# Instructions to follow:
Using the data below, set down every line from the one containing "3795 Impressionist vase of flower" through the one containing "Image size 19.75 x15.75", inclusive and unchanged. Pictures are to be skipped.

** Exercise data follows **

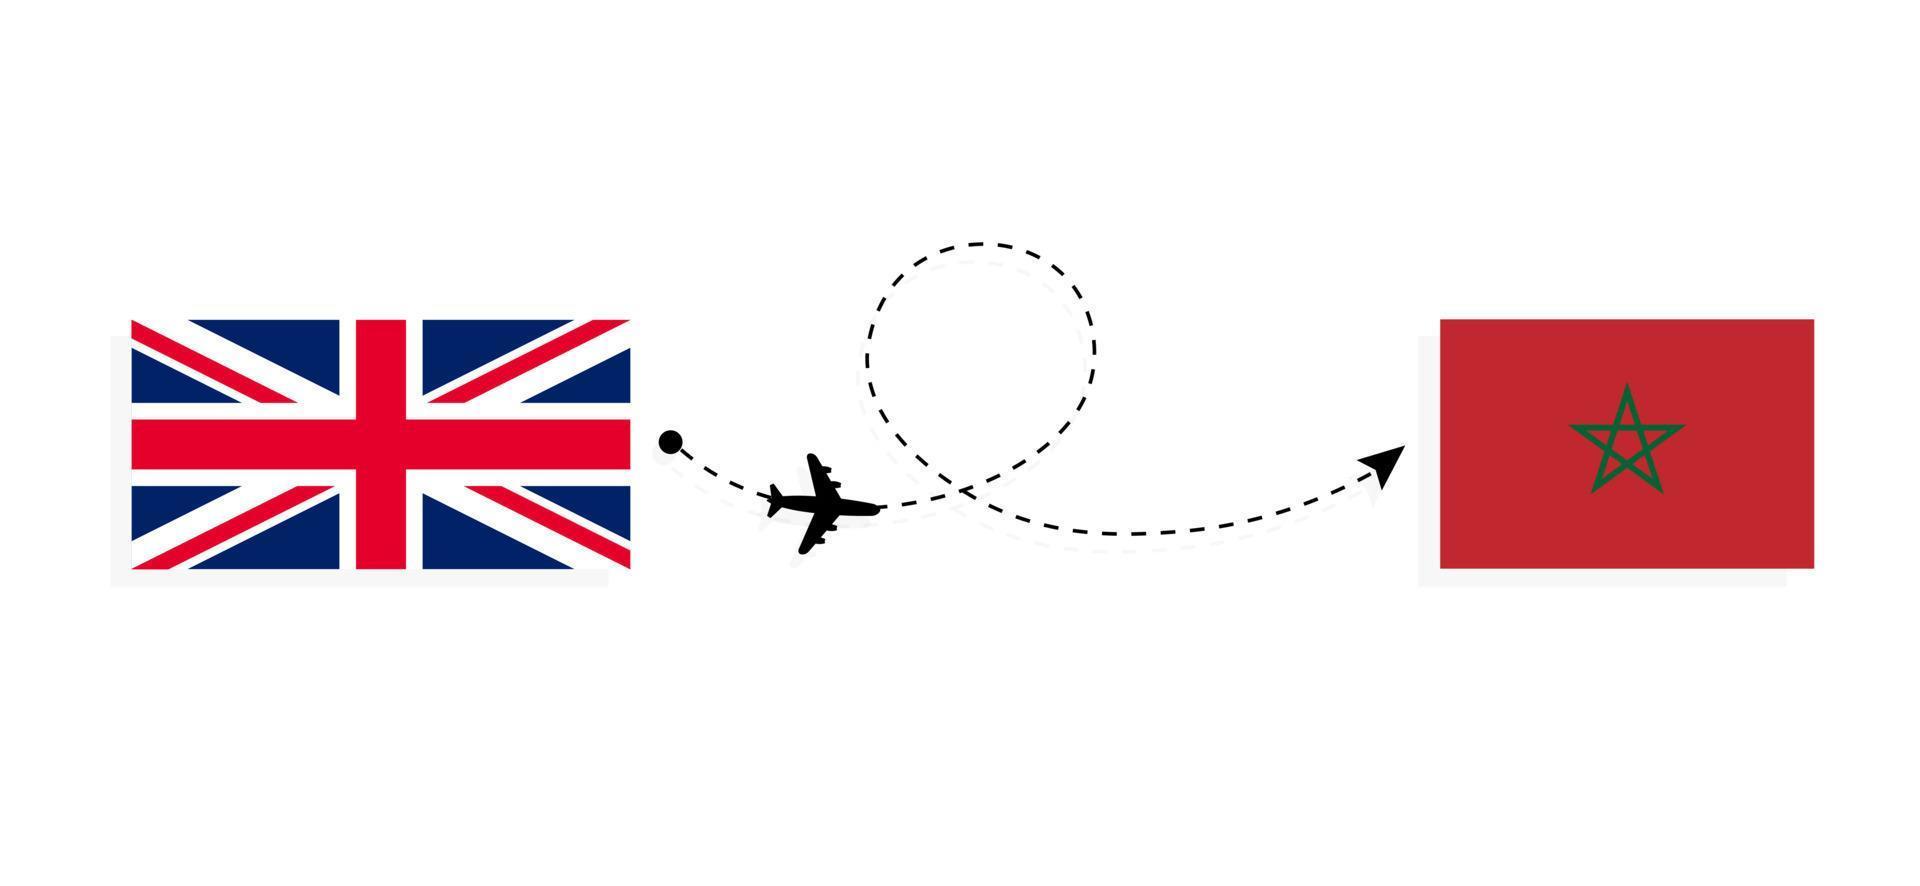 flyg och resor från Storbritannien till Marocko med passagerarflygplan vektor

** End of Exercise data **
** Exercise data follows **

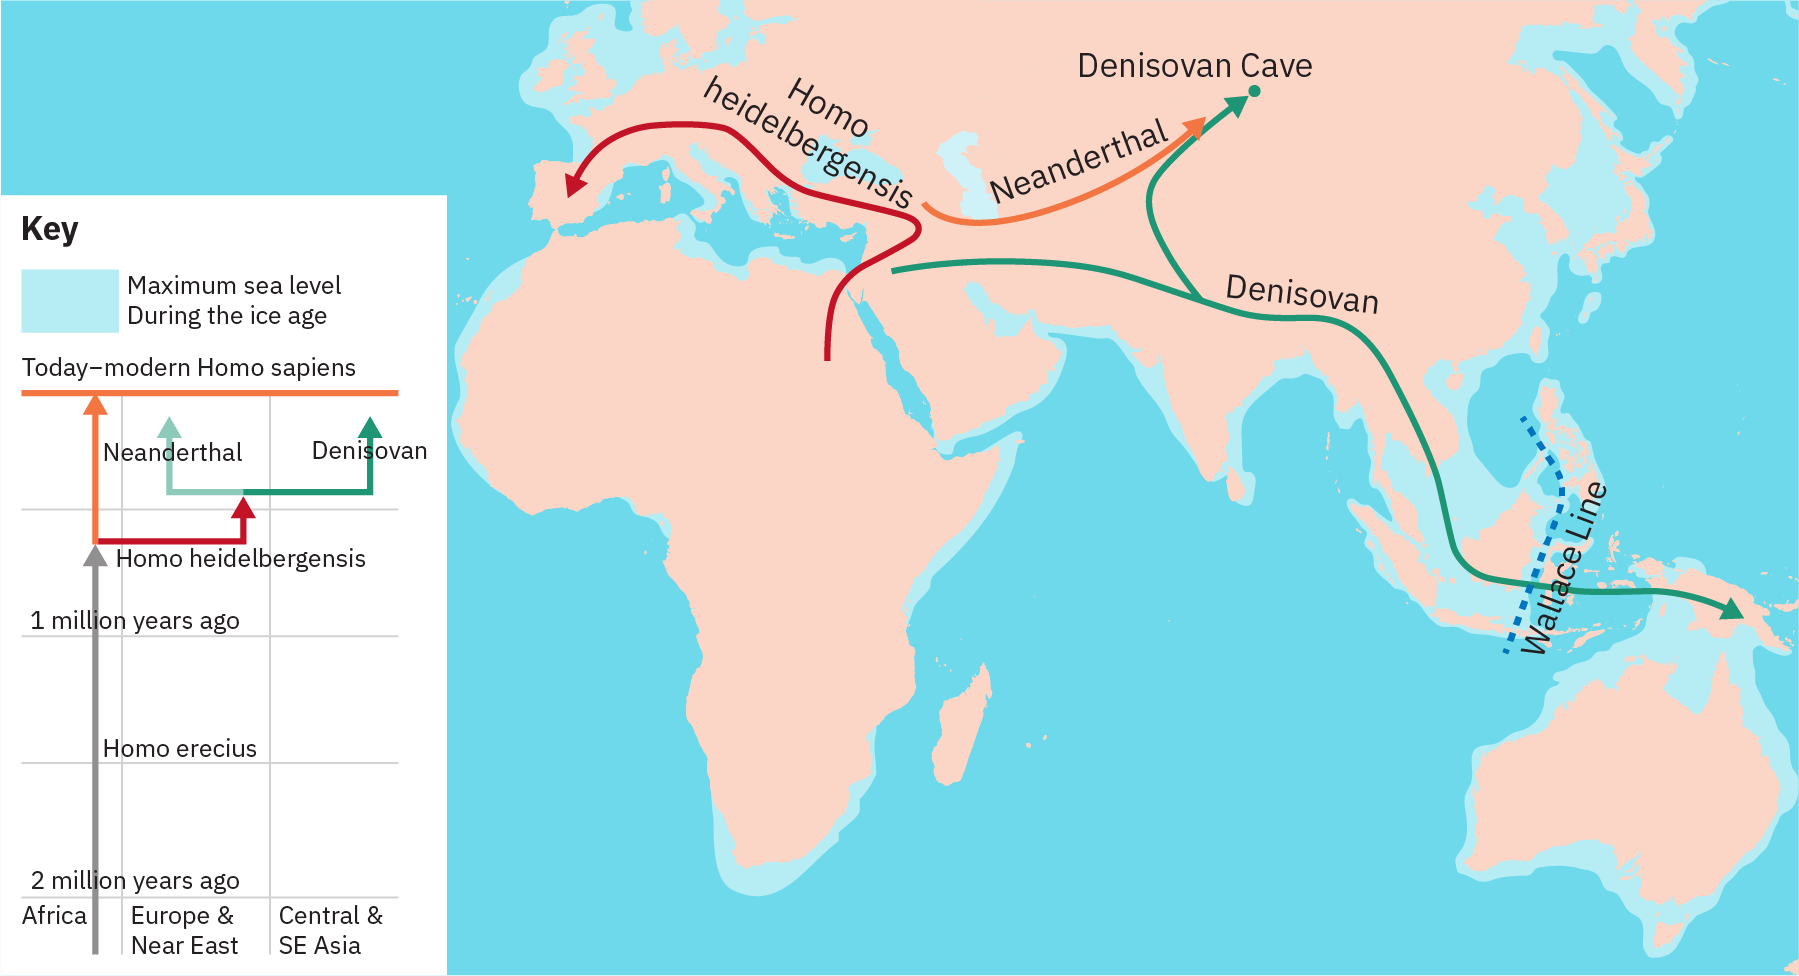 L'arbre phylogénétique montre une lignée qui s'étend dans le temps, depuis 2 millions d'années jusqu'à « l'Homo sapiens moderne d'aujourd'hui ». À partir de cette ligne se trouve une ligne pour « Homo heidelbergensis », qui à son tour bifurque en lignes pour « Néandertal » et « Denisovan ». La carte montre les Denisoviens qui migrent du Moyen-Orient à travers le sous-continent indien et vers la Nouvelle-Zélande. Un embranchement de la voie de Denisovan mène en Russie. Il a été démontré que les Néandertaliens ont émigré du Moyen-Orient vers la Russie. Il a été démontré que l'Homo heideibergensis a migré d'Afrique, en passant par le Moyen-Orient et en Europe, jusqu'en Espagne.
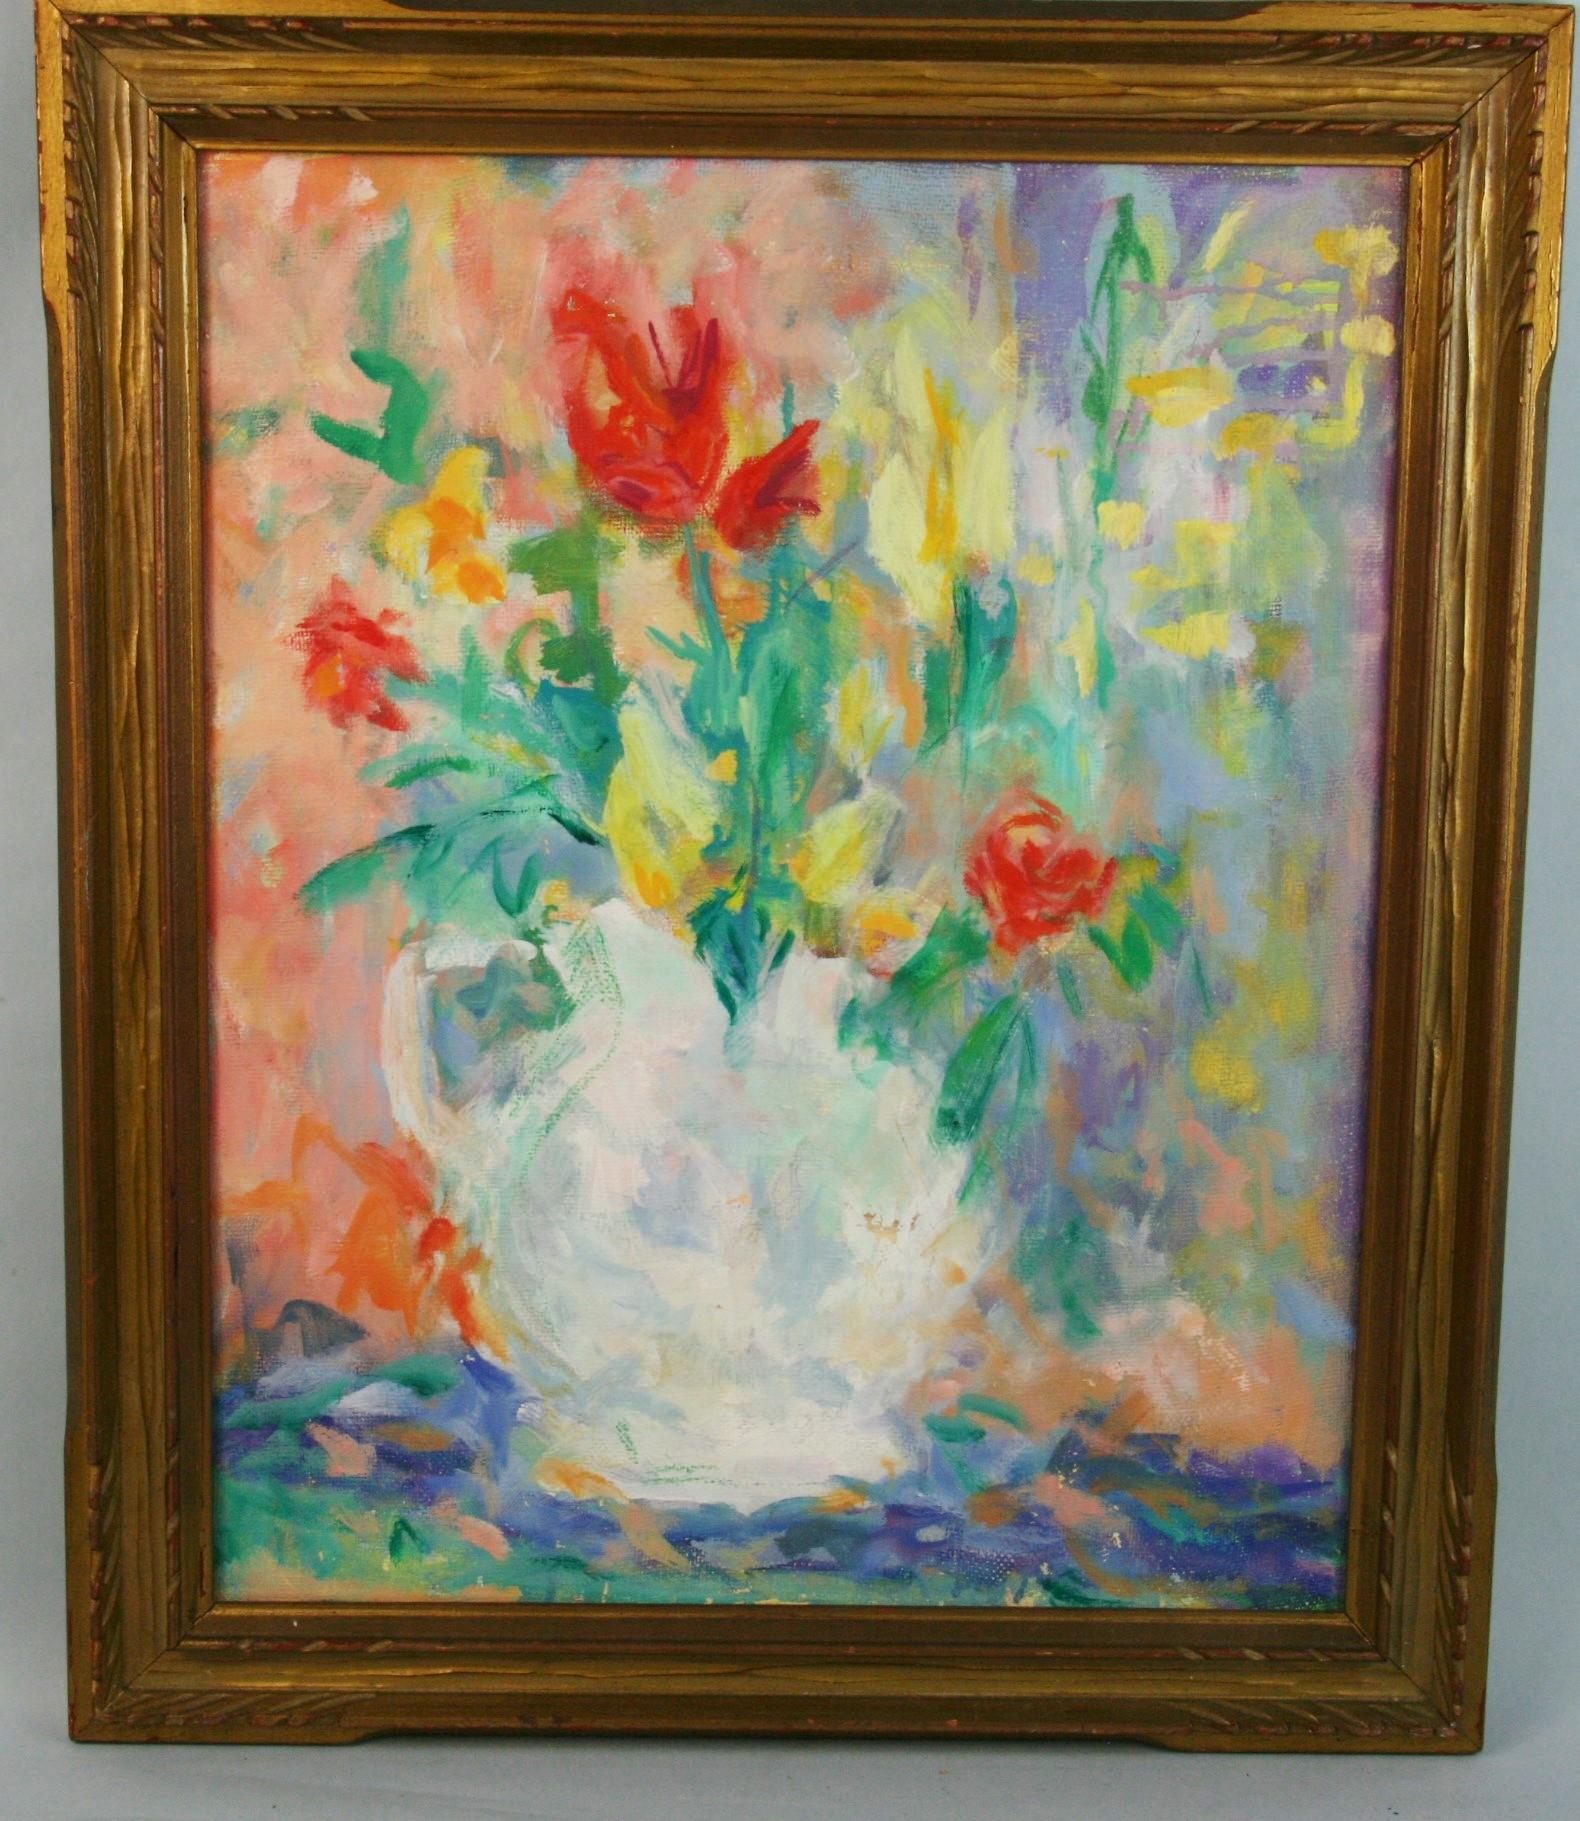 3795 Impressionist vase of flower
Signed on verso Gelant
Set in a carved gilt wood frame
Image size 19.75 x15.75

** End of Exercise data **

# Answer:
 3795 Impressionist vase of flower
Signed on verso Gelant
Set in a carved gilt wood frame
Image size 19.75 x15.75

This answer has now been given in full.